[TASK INPUT]

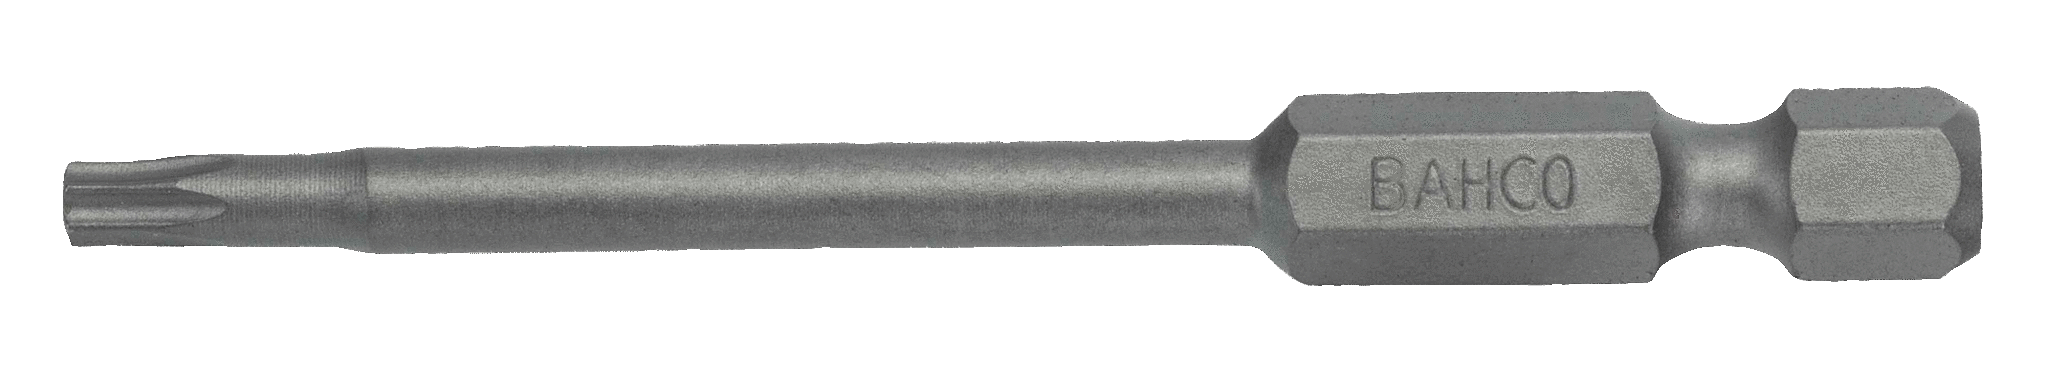 картинка Стандартные биты для отверток Torx® TR, 70 мм BAHCO 59S/70TR15-2P от магазина "Элит-инструмент"
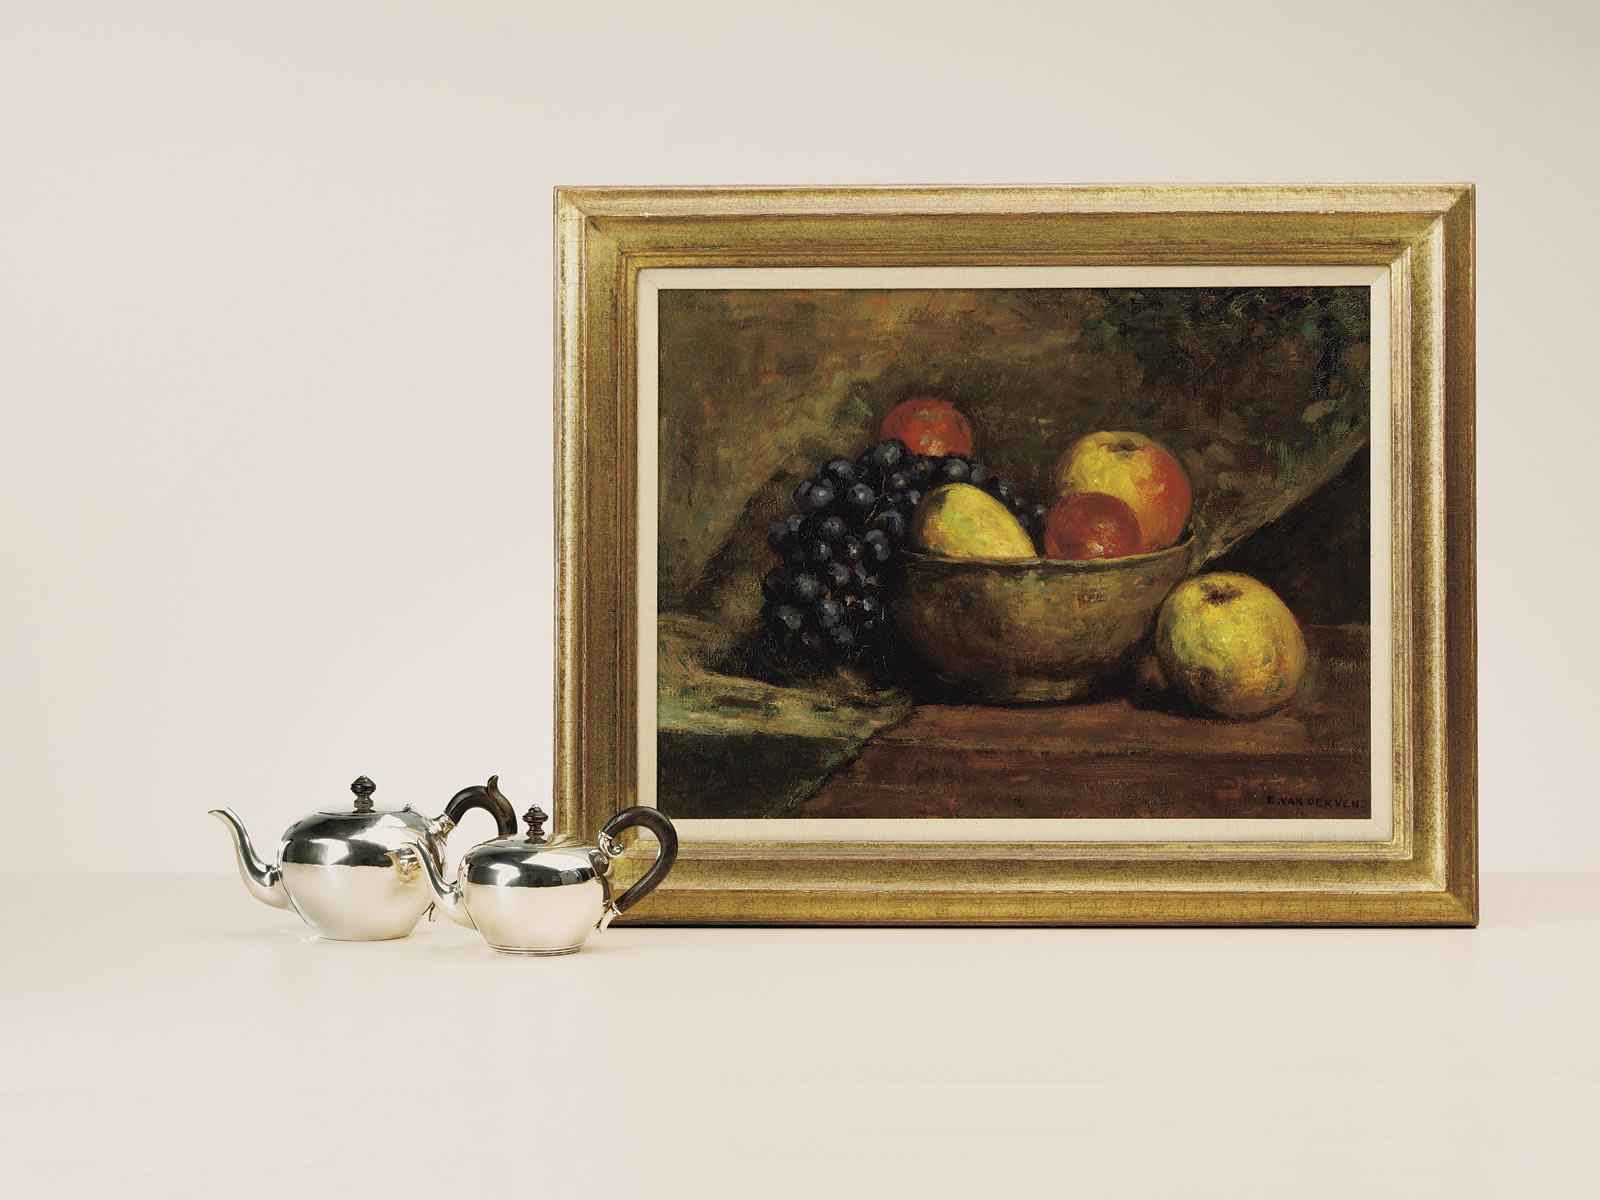 Emanuel van der Ven “Stilleven met fruit”; olieverf op doek
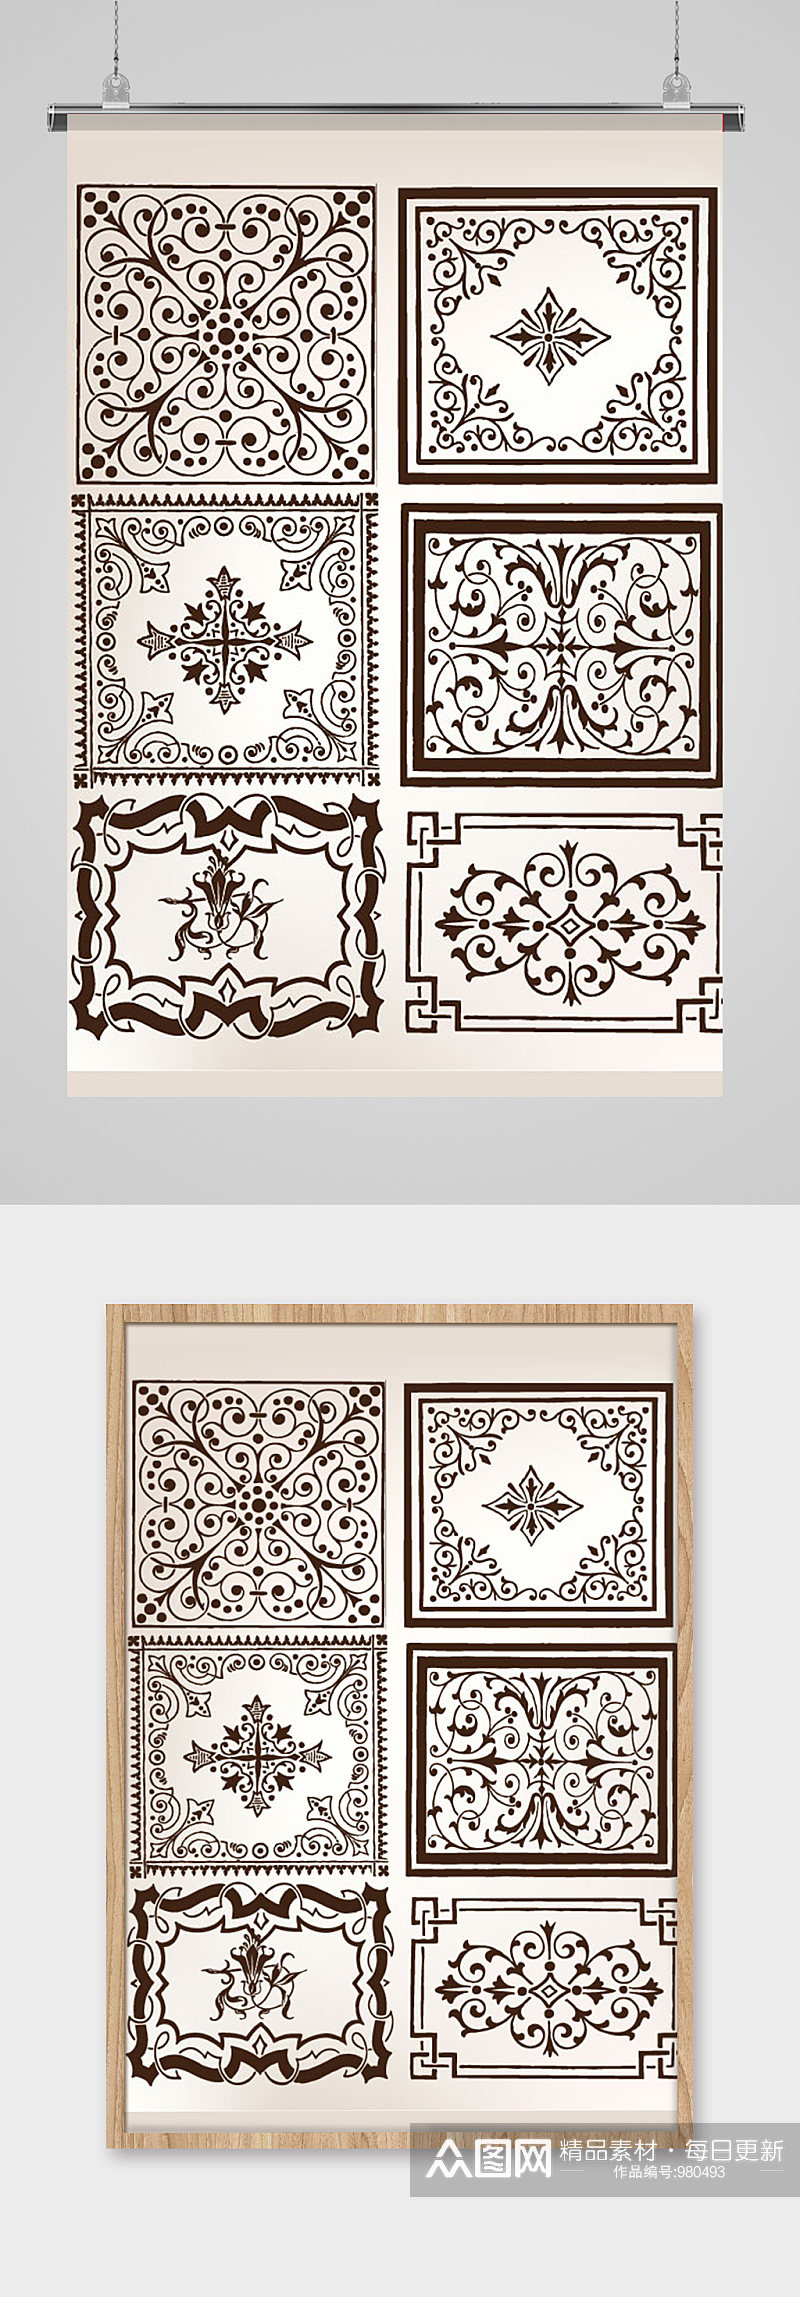 古典欧式窗花花纹边框矢量素材素材
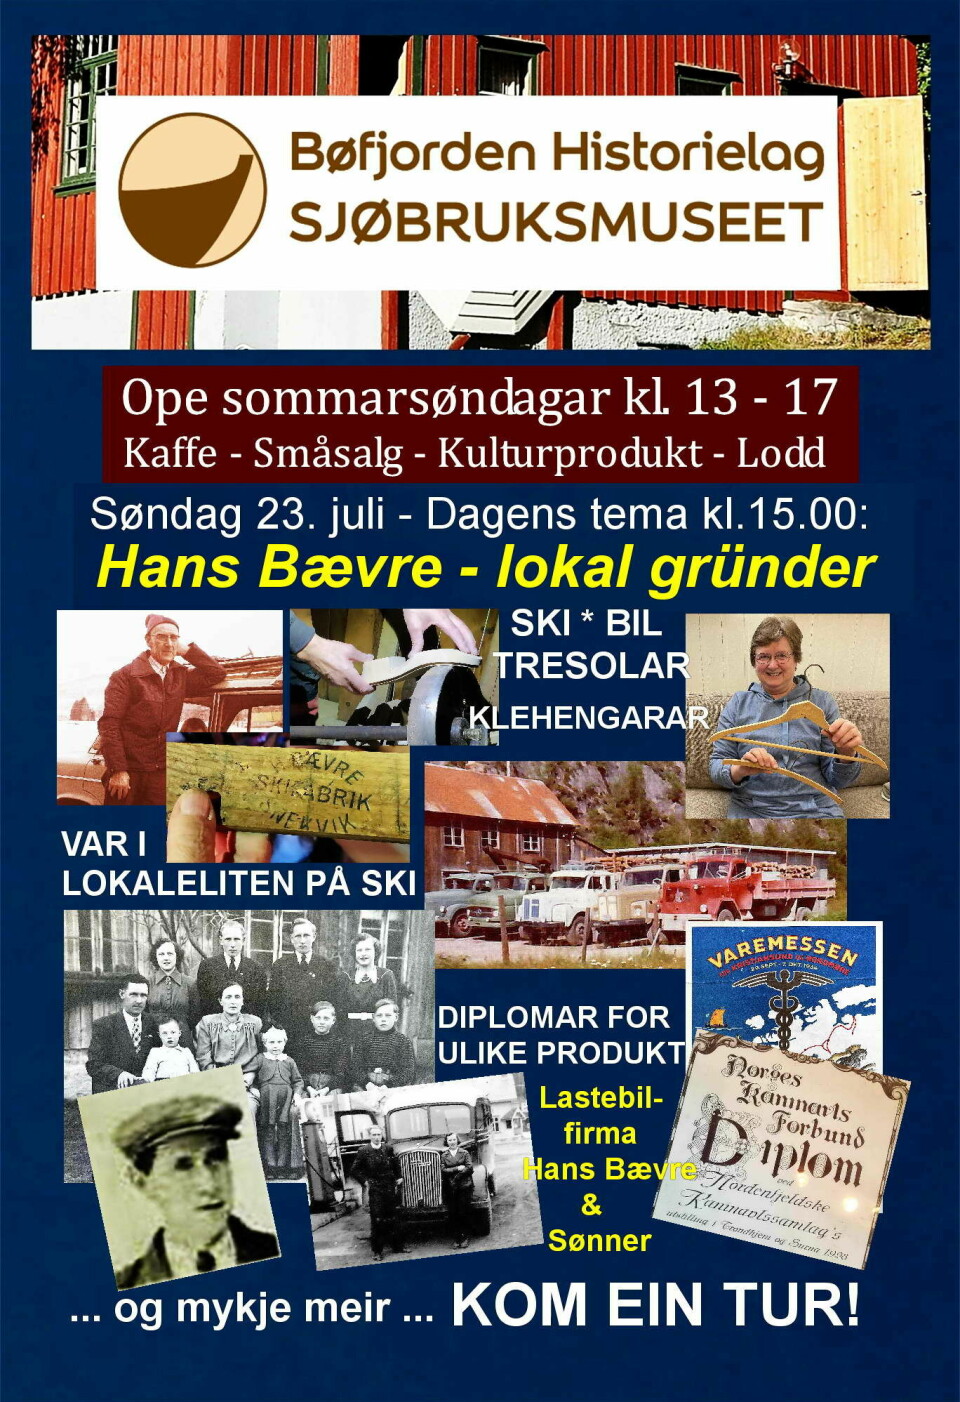 Reklameplakat fra Bøfjorden historielag
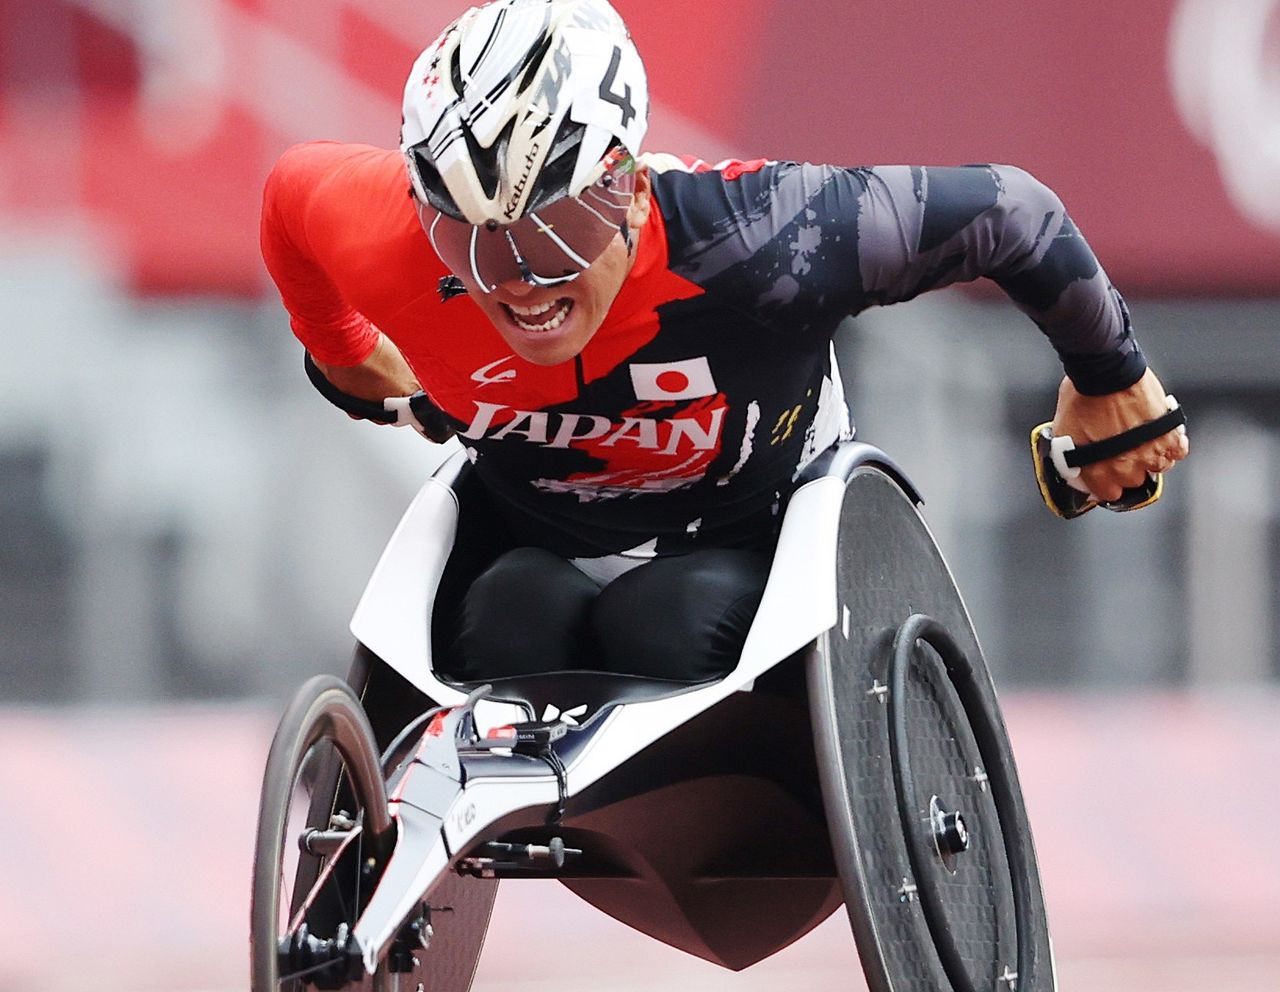 Itō Tomoya는 2021년 8월 29일 일본 국립 경기장에서 휠체어를 타고 T53 클래스에서 경쟁하고 있습니다.  평소 수업에서 그의 시간은 동메달 최종 기록보다 빨랐습니다.  (© 지지)

[/TASK INPUT]

TASK TO COMPLETE: Everything from the line with "Emanuel van der" through the last line of the listing should be retyped exactly, with both end lines kept and the pictures left out.

TASK OUTPUT:
 Emanuel van der Ven “Stilleven met fruit”; olieverf op doek
 古典欧式窗花花纹边框矢量素材素材
 Reklameplakat fra Bøfjorden historielag
 Itō Tomoya는 2021년 8월 29일 일본 국립 경기장에서 휠체어를 타고 T53 클래스에서 경쟁하고 있습니다.  평소 수업에서 그의 시간은 동메달 최종 기록보다 빨랐습니다.  (© 지지)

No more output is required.